There is also an Artspace Hartford group show of a dozen other artists who are displaying two works each: Amy LaBossiere, Elle Smith Fagan, Herbal Bones Art & Wellness, Joan Pollak, Lorna Morris Cyr, Maurice Robertson, Nancy Doherty, Sally Stamos, Tao LaBossiere and Yanni Sembrakis.

Michael Walsh/Hartford Courant

Cynthia Bulaong is the director of Artists in Real Time, which produces Open Studio Hartford. (Michael Walsh/Hartford Courant)

Arbor Arts Center at 56 Arbor St. will also be opening its art studios. Works include home decor and keepsakes by Born & Bred, photos and prints and other media with nature themes by Barbara Hocker, paintings by Bonnie Aparicio, expressionist works in a variety of media by Christine Chaise Greenwood, Africa-themed oil paintings by Kathi Packer Studio and “physical entertainment media” from Unapproachable A/V.

Parkville Market at 1400 Park St. will feature an array of art in its balcony space, from jewelry and crafts to paintings, collages, photography, pottery, greeting cards, wooden bowls and “interpretive art created by rescue dogs.” A portrait artist and a caricaturist will be creating new works at the event.

Two venues are only open on Nov. 19 from 11 a.m. to 4 p.m.: The Hartford Flavor Company at 30 Arbor St. showcases the work of 16 area artists and also offers cocktails and music from Brett Trottier.
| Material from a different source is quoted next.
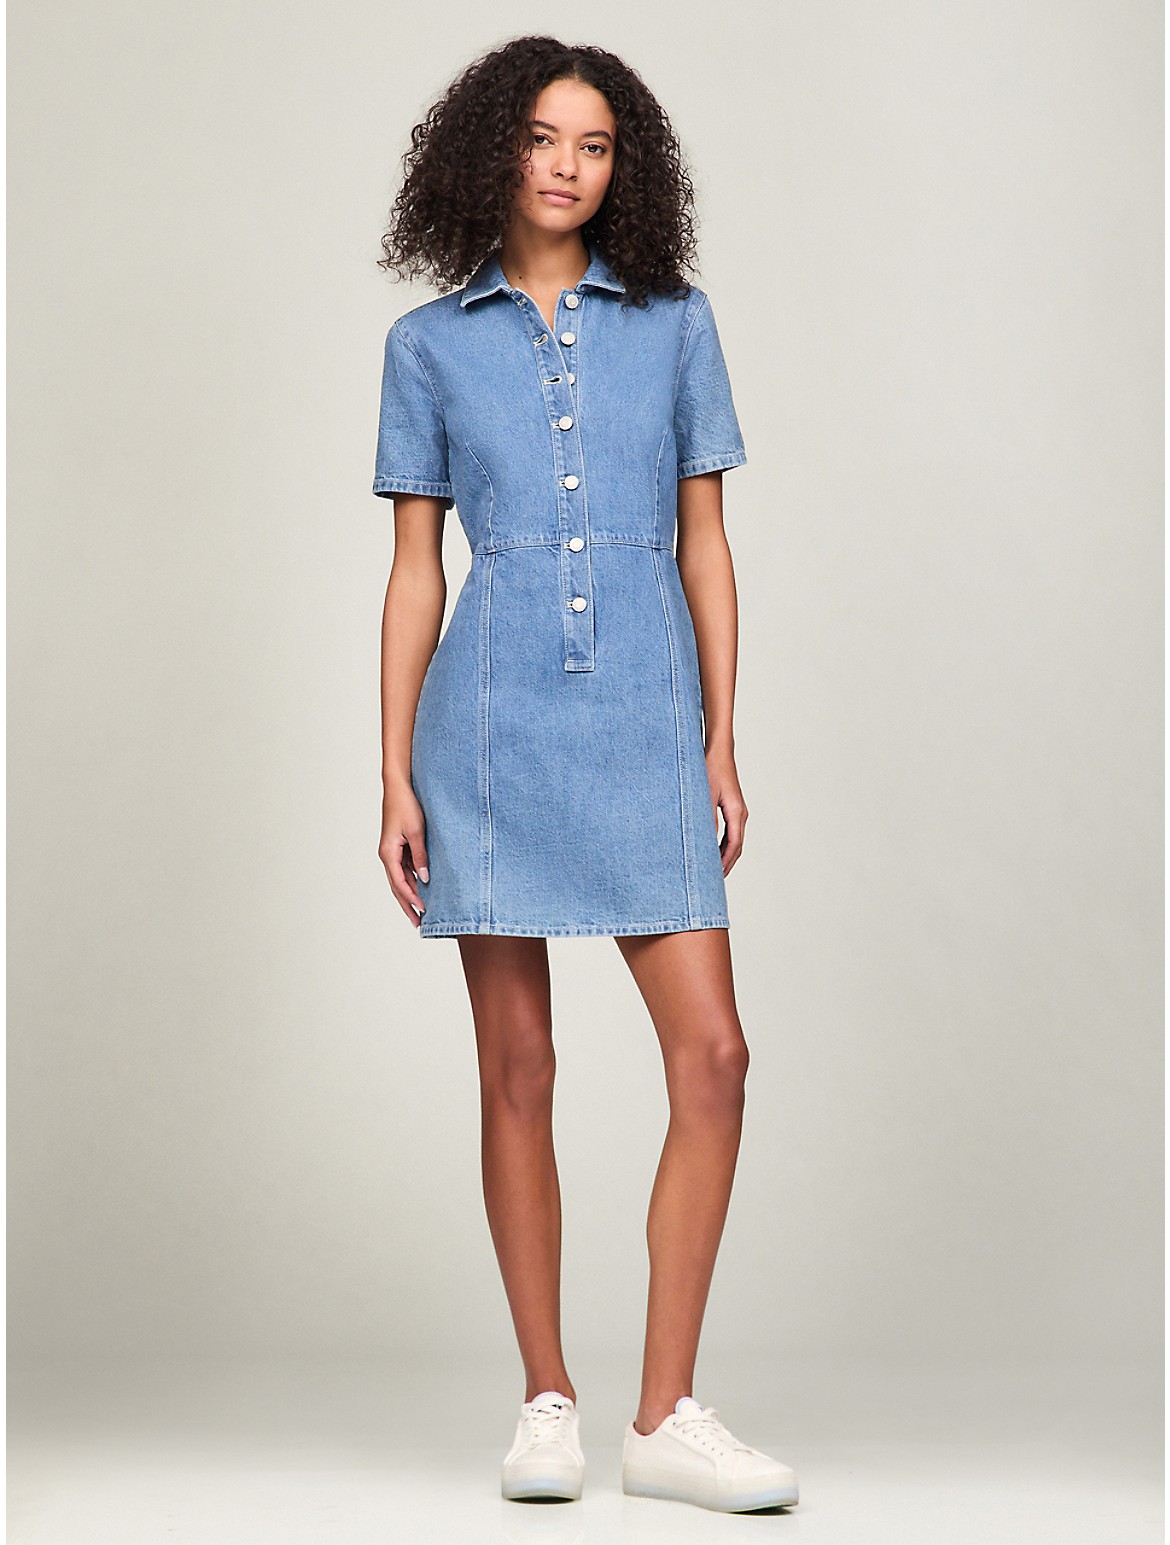 Tommy Hilfiger Women's Short-Sleeve Denim Dress - Blue - XL

At the same time, the Jewish Community Center Chase Gallery at 355 Bloomfield Ave. in West Haven is holding an “Off The Wall Holiday Pop-Up Art Sale” of 21 local artists.

Open Studios events, and not just the Hartford one, were hard hit in recent years, and not just due to the COVID shutdown. New Haven’s City-Wide Open Studios was threatened this year by the unexpected closure of the building that housed its presenter, Artspace New Haven. A coalition of local artists and arts groups got city grants to make sure City-Wide Open Studios happened last month.